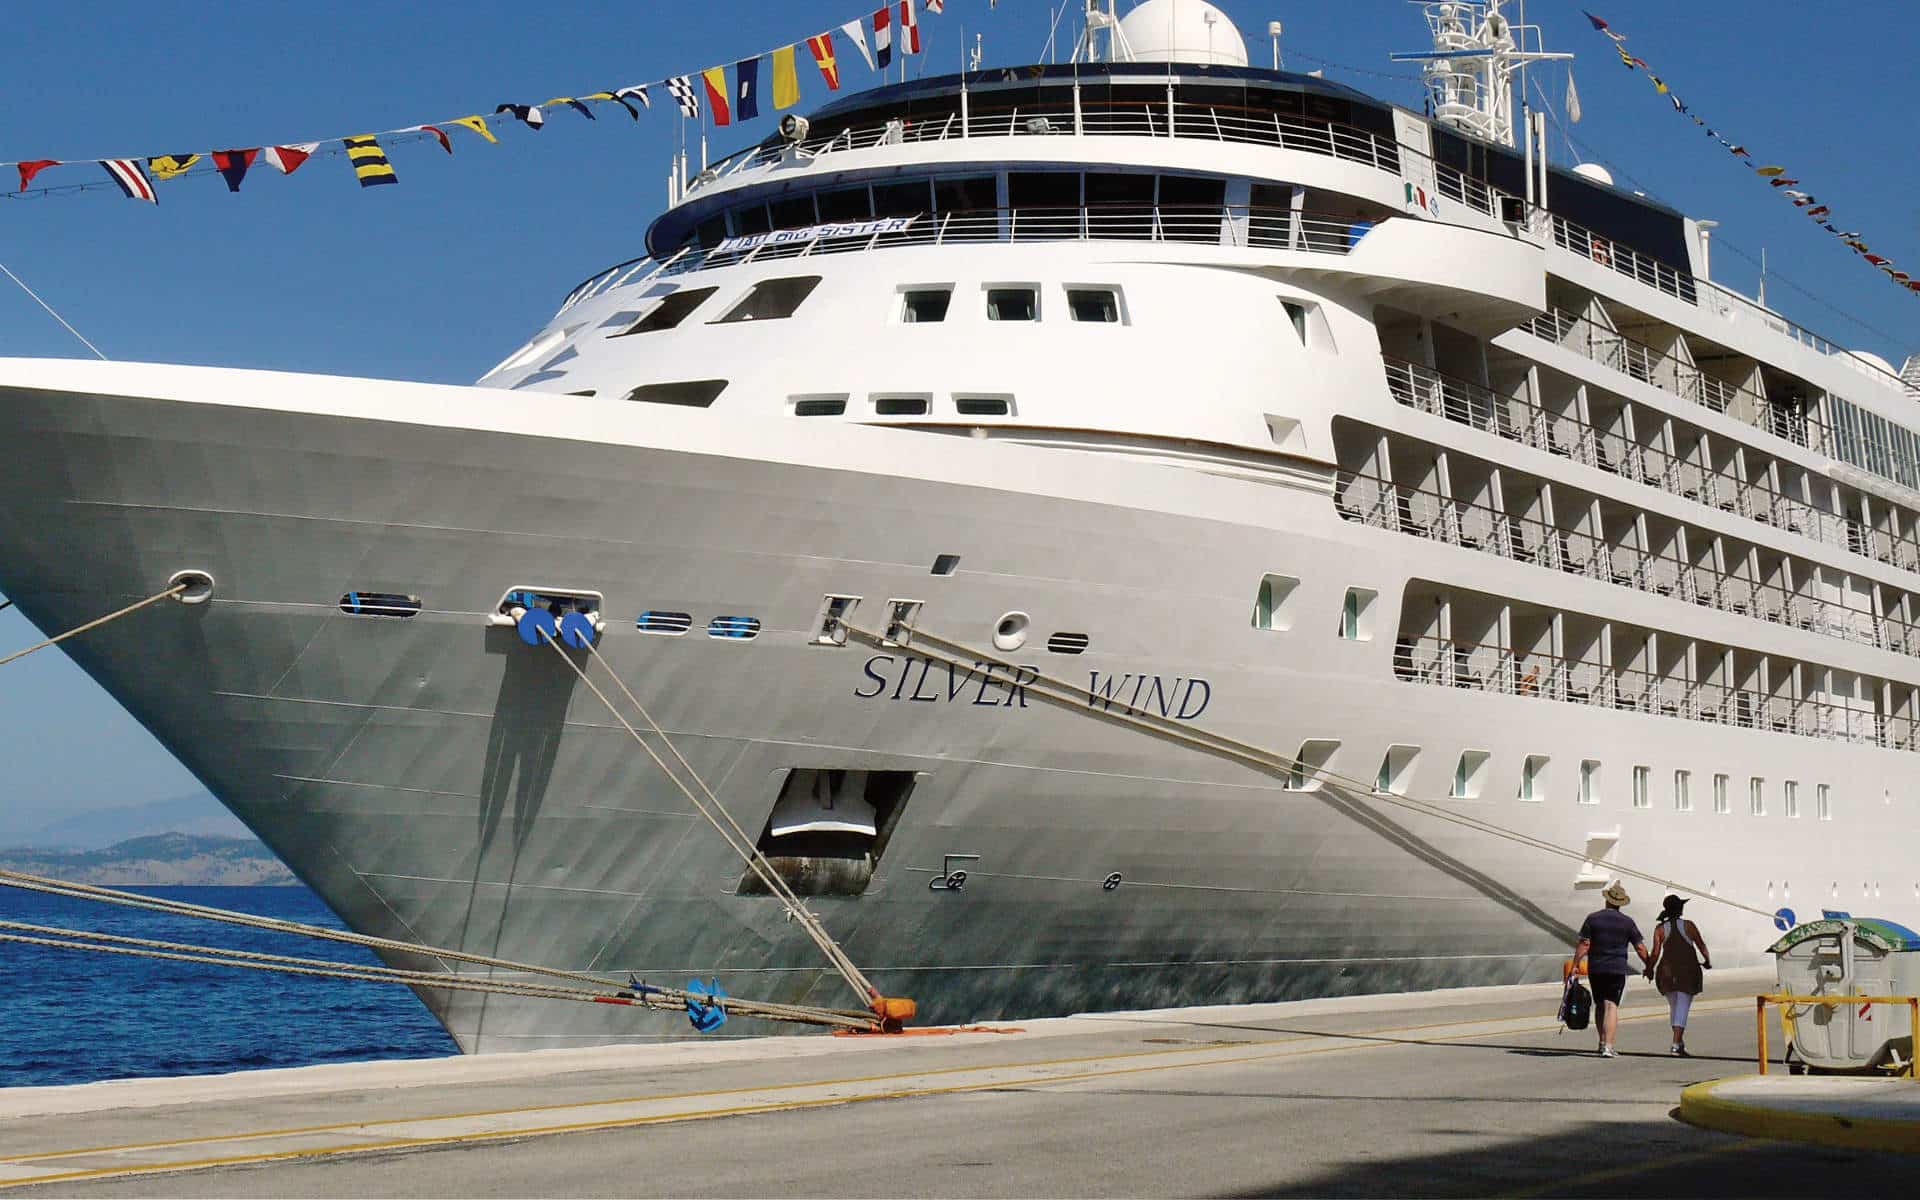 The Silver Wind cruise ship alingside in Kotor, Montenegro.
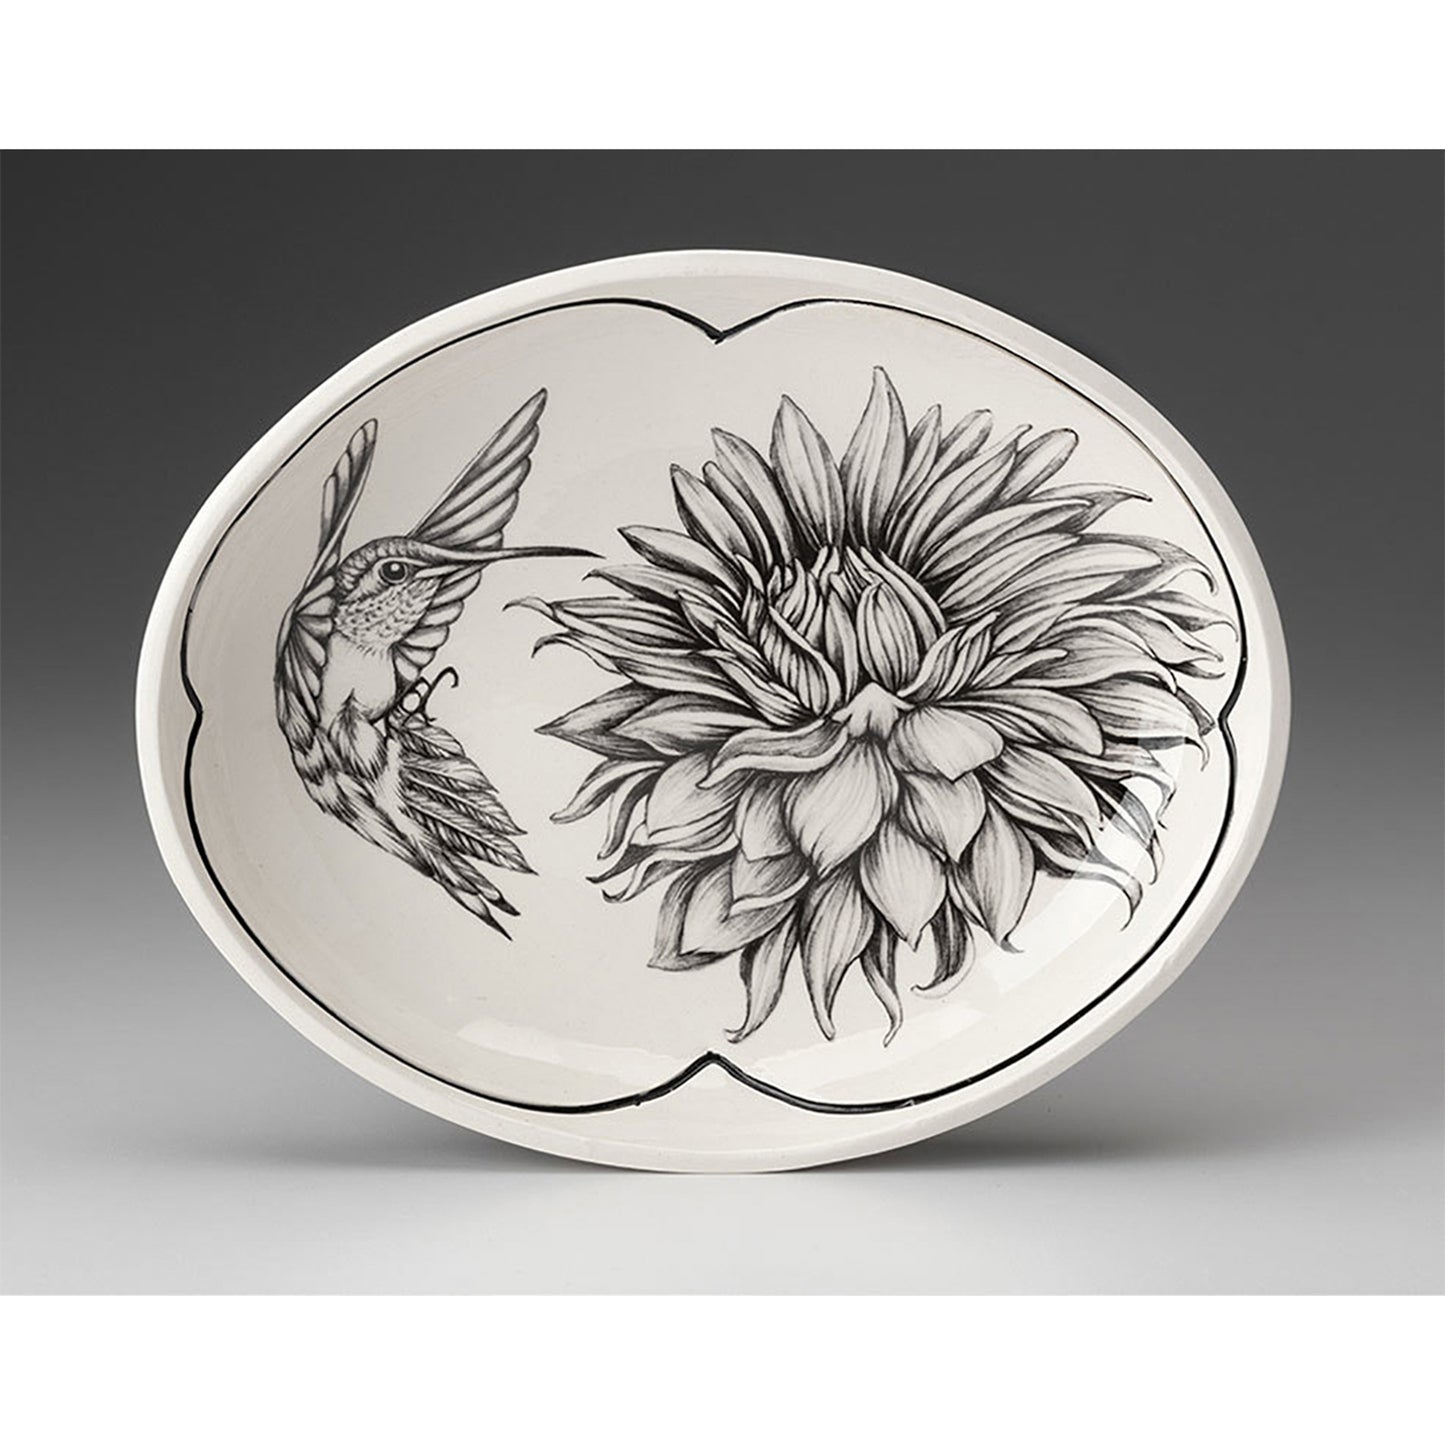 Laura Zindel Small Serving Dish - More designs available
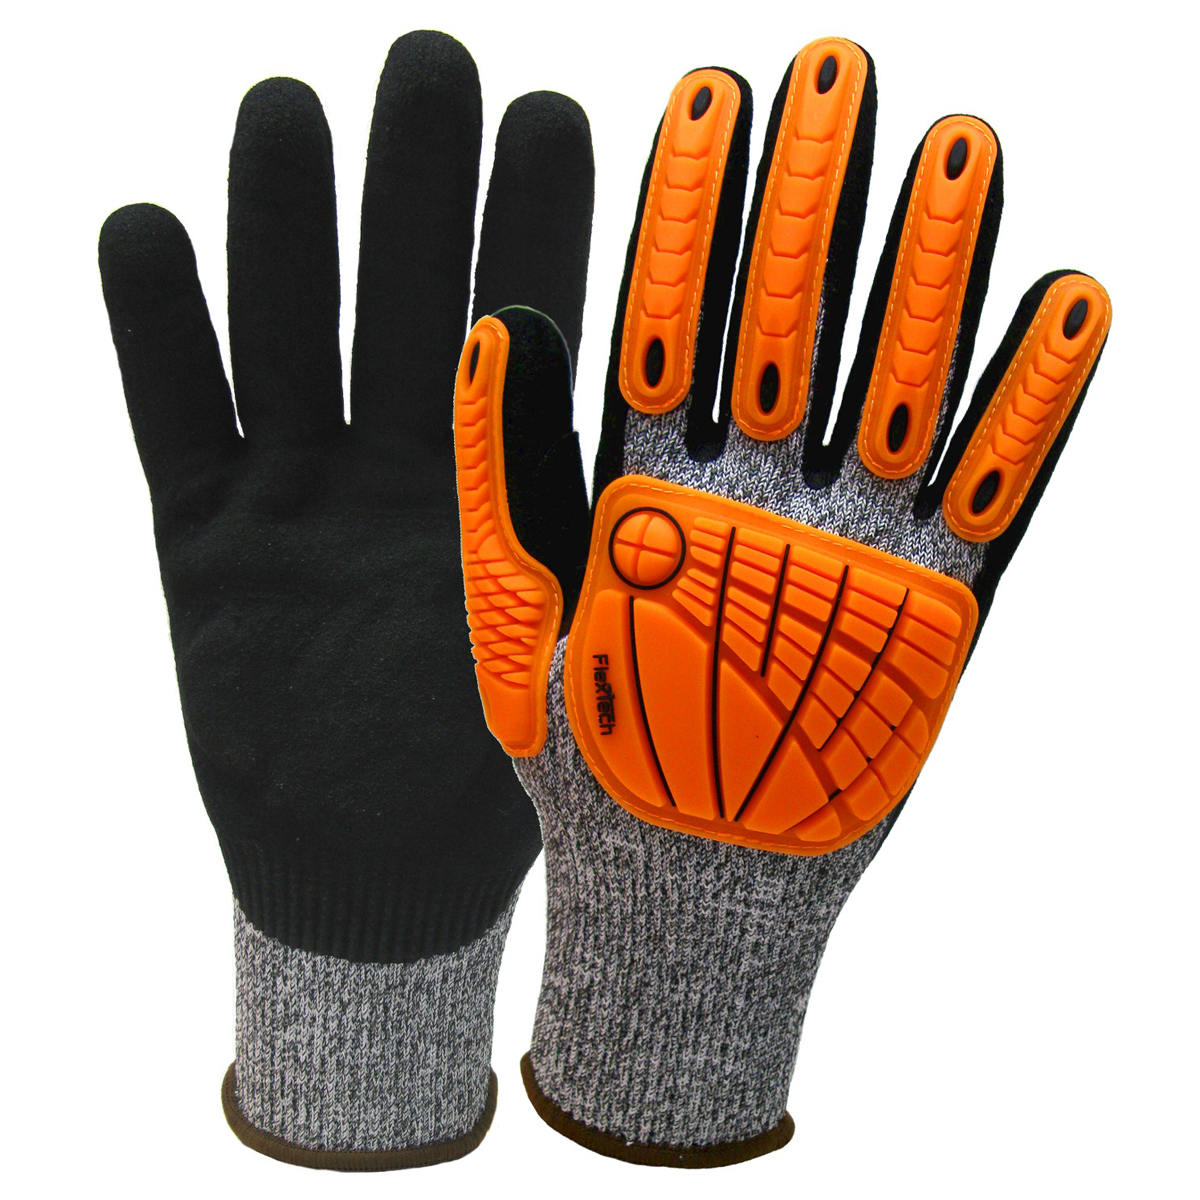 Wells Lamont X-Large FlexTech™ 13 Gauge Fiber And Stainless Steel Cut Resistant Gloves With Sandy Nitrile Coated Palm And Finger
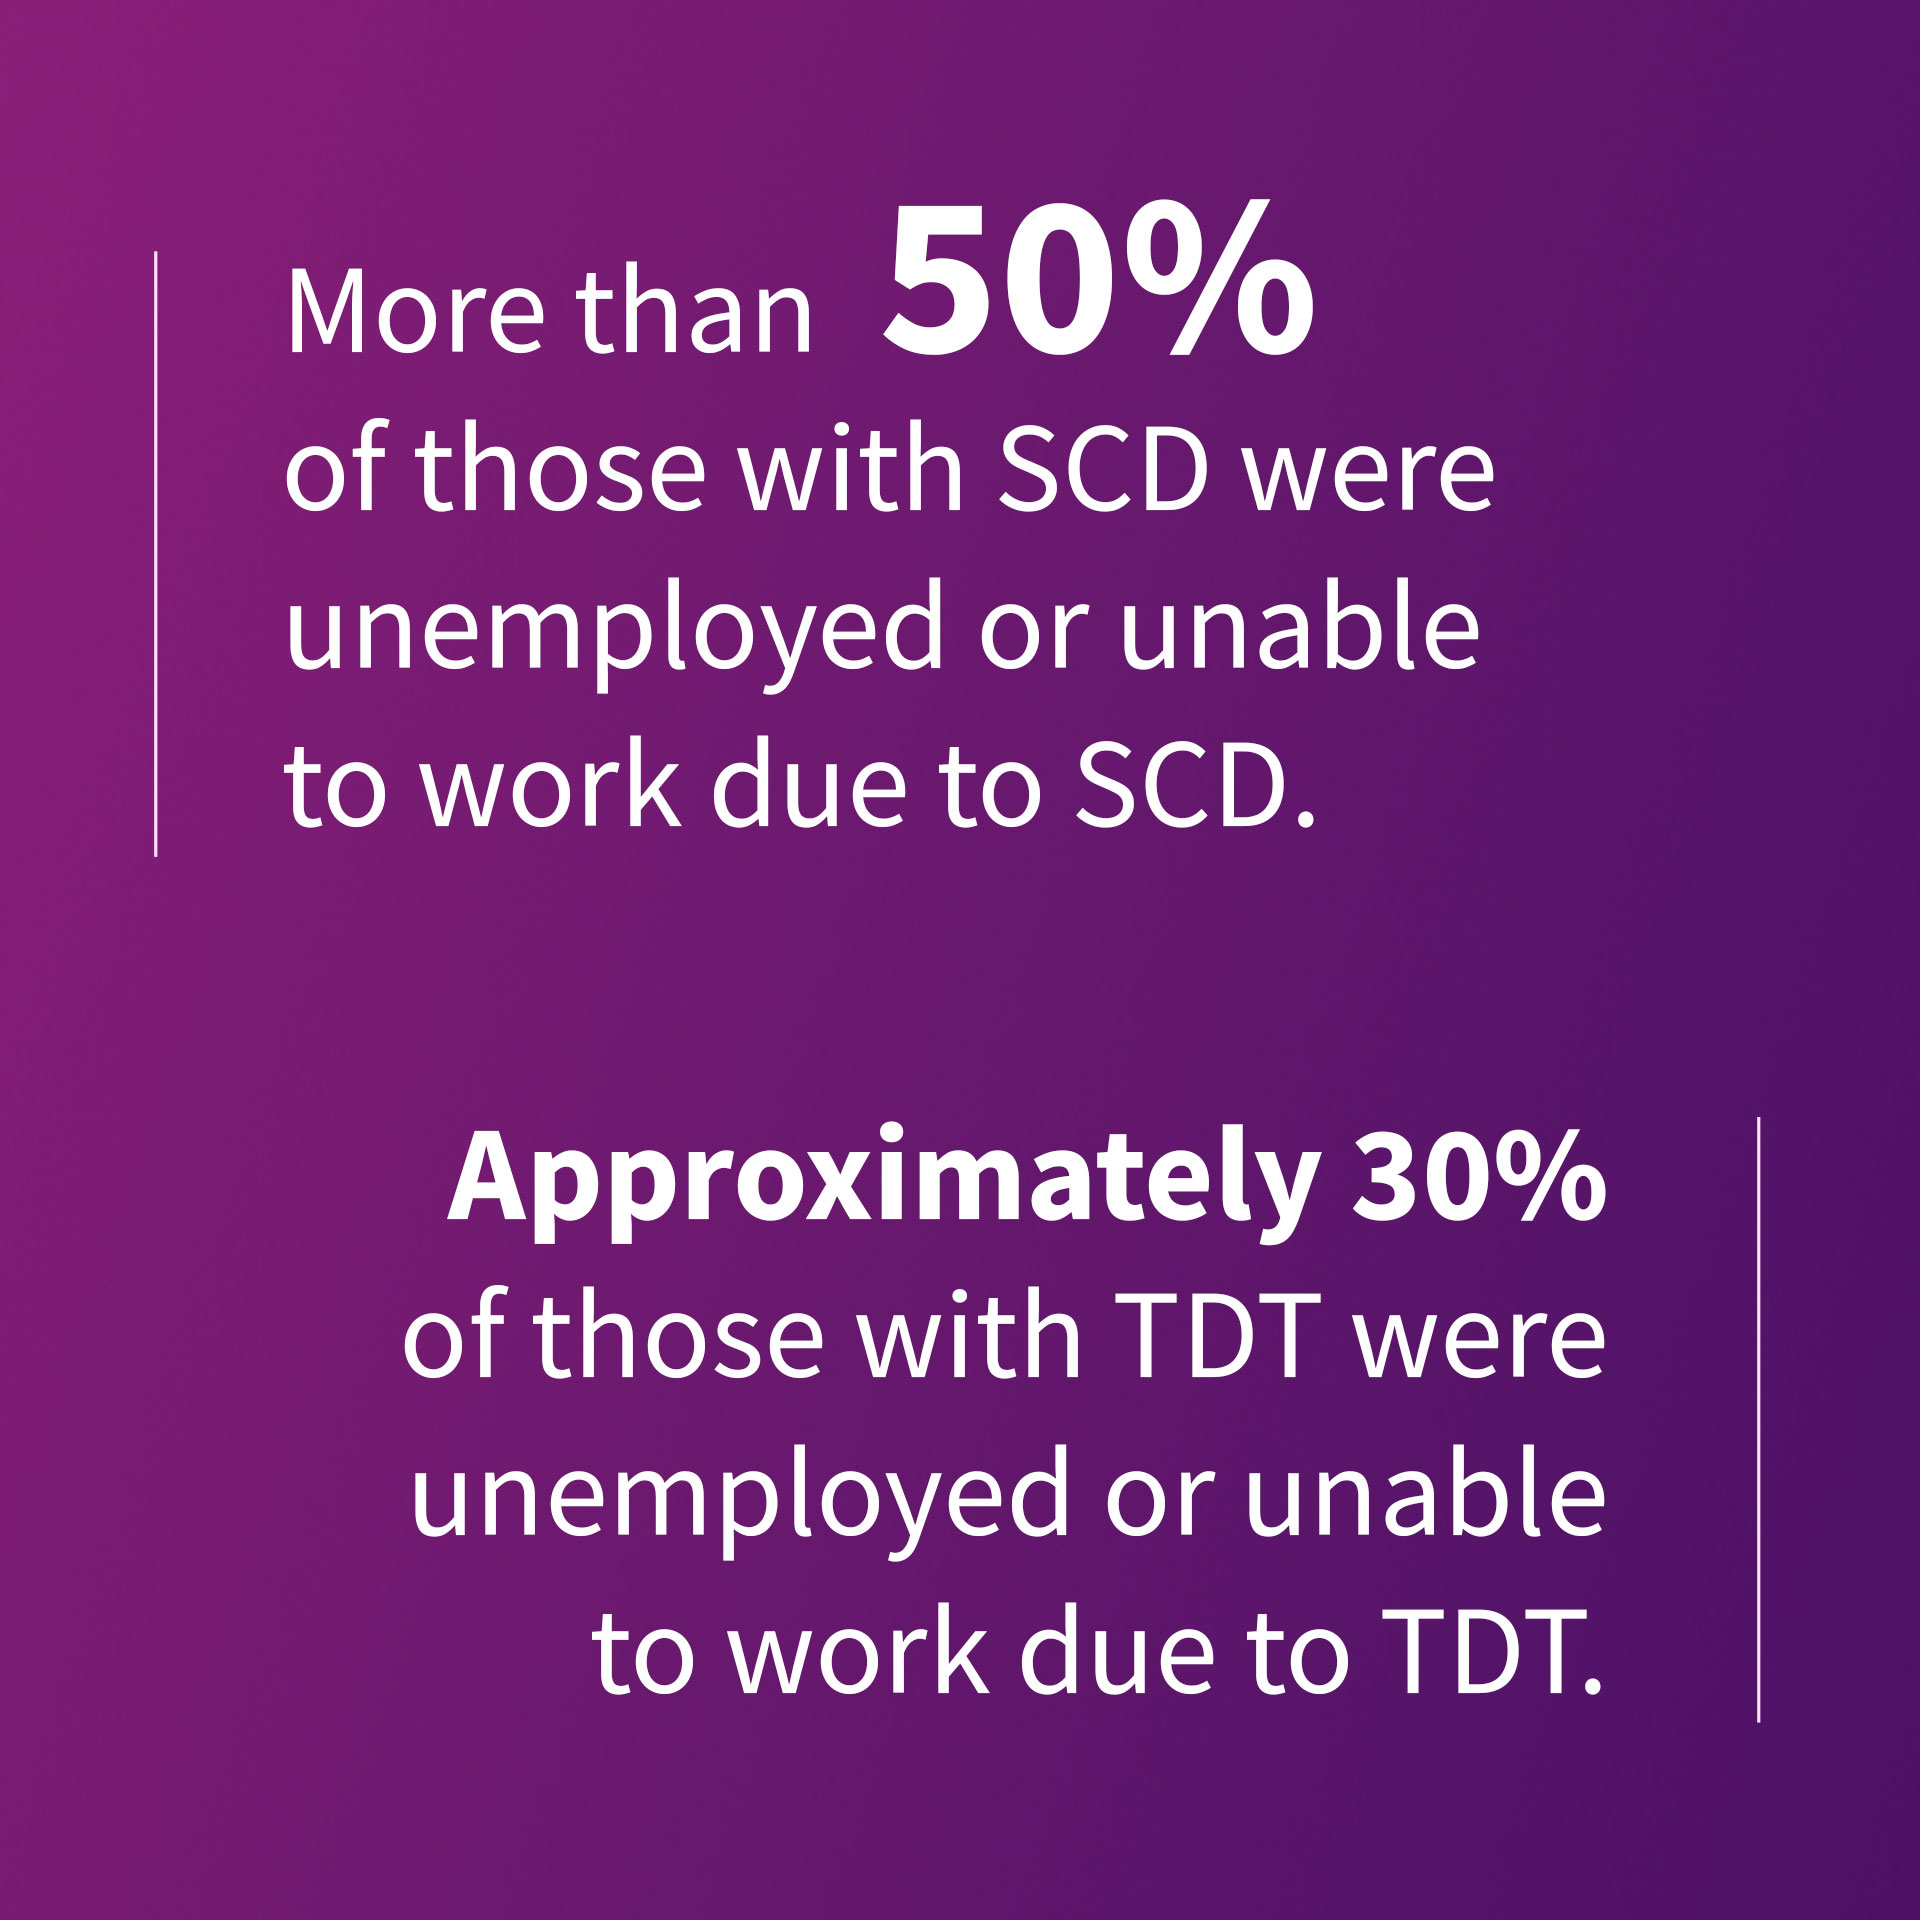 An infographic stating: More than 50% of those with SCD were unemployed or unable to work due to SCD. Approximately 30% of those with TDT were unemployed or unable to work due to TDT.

WHAT YOU HAVE TO DO |
Exactly repeat the data above; the pictures do not belong in your copy.

WORKED SOLUTION |
 The Silver Wind cruise ship alingside in Kotor, Montenegro.
 Laura Zindel Small Serving Dish - More designs available
 Wells Lamont X-Large FlexTech™ 13 Gauge Fiber And Stainless Steel Cut Resistant Gloves With Sandy Nitrile Coated Palm And Finger
 An infographic stating: More than 50% of those with SCD were unemployed or unable to work due to SCD. Approximately 30% of those with TDT were unemployed or unable to work due to TDT.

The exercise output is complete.